Gil Thorp, 5/28/22
Welp, the gig (gigg?) is up for our boy Gregg, whose blindness was was discovered by Coach Thorp, and after briefly taking the position that, while he was willing to engage in an elaborate web of deception to fool the world, actually making use of reasonable accommodations for his disability would be a bridge too far, he quickly changed his mind and will be wearing a mask to protect him from the baseballs that will be flying at top speed towards his face, completely unseen. Mostly today I’m enjoying the Thorp’s post-coaching intimacy, with Mimi admiring both Gil’s manly yet caring mentoring style and his carrot-cutting skills (he’s going to slice off a finger roughly 0.5 seconds after he delivers his line in the final panel).
Hi and Lois, 5/28/22
What ever happened to romance? To mystery? All you have to do is look at Chip’s face to see how a red-blooded American teen reacts to a girl who “is straightforwardly interested in physical intimacy” or whatever.
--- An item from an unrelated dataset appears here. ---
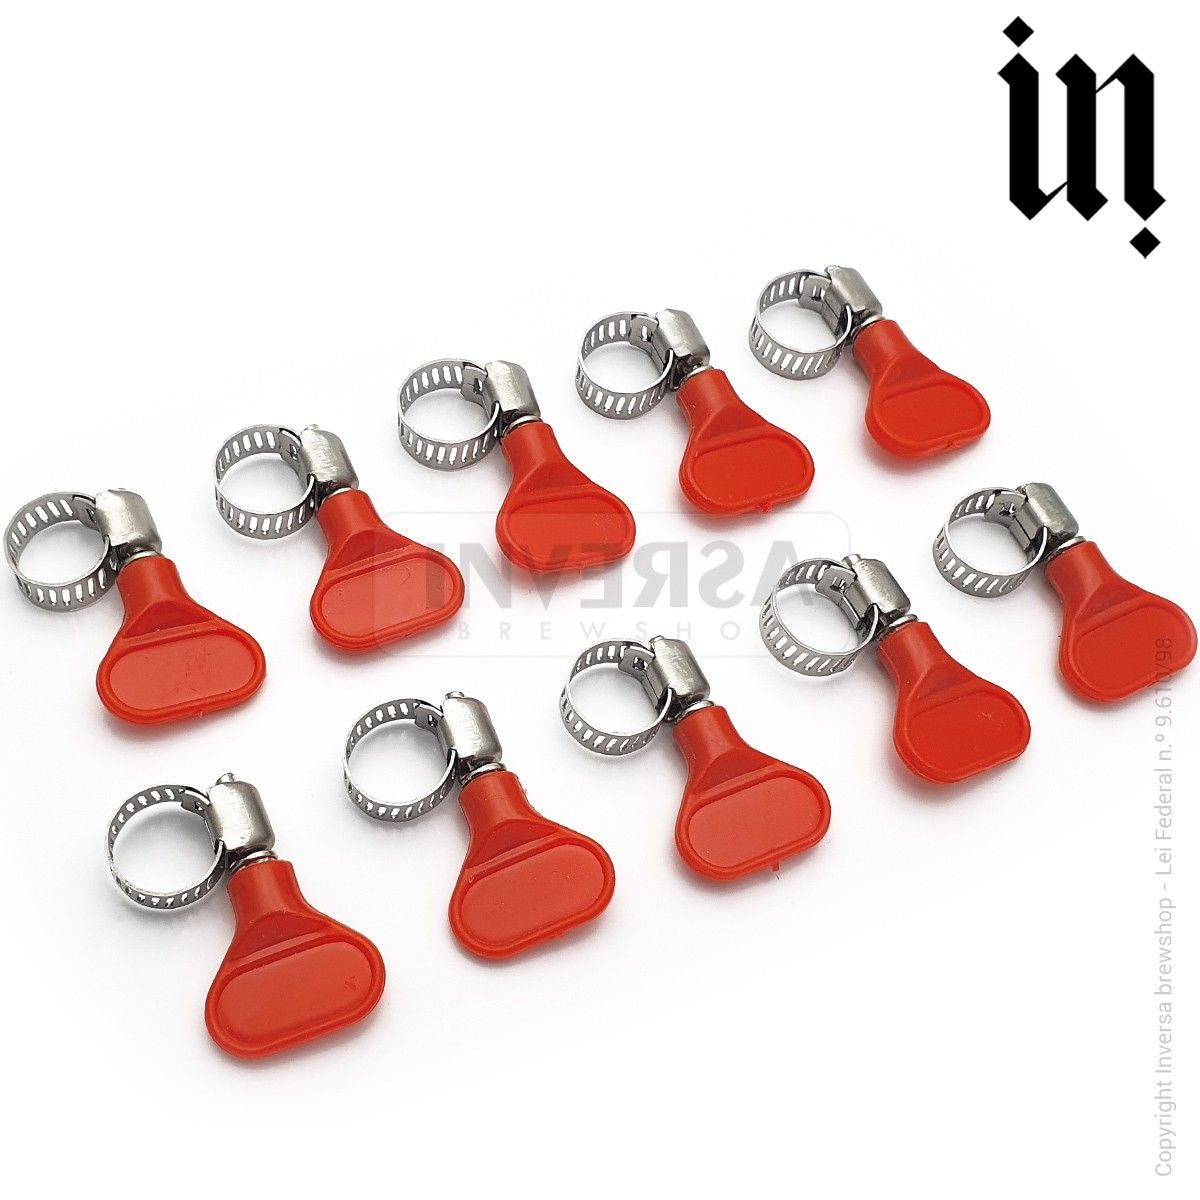 Abraçadeira Inox (8-12 Mm) Borboleta Plástica (10 und)

Thank god nobody else is in this theater to watch a women’s libber absolutely ruin this date, and also to apparently hear them talking at full volume during the movie.
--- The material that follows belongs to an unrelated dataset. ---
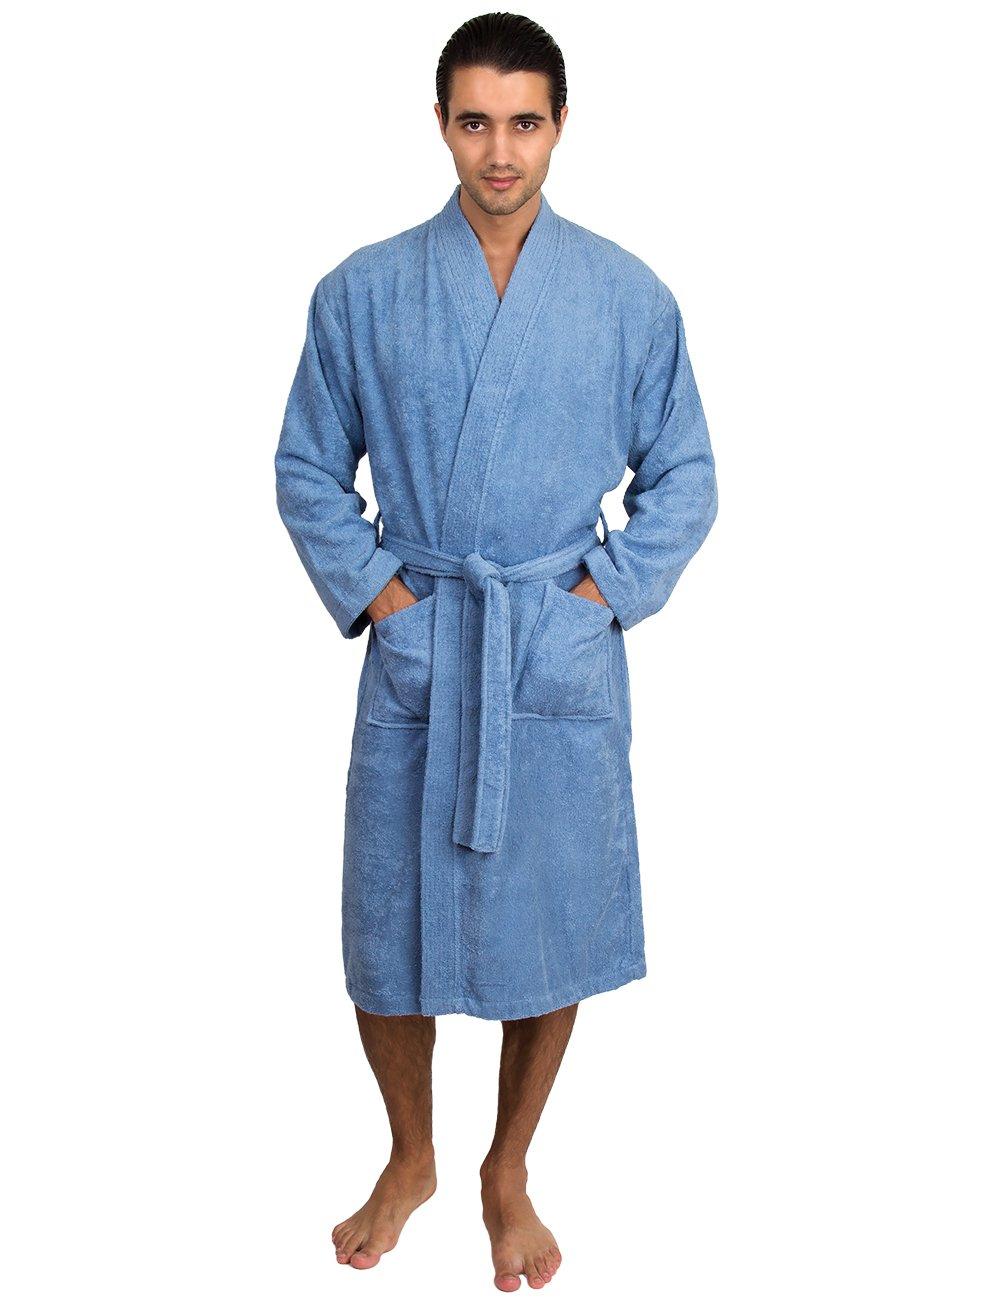 TowelSelections SLEEPWEAR メンズ B00J0BV4R8 Large / X-Large|ブルー ブルー Large / X-Large

Not only do I absolutely buy Crankshaft becoming obsessed with the minutia of property laws, I actually think this would be a great topic for a whole series of storylines. If we’re really lucky, he goes down an internet rabbit hole and becomes a sovereign citizen whackadoo. He’s going to spend hours at the diner scowling at Ralph and Keesterman, talking about how gold fringe on a courtroom flag means you’re being tried under admirality law and that means you don’t have to pay any property tax, while they wait for a terrible pun that never comes.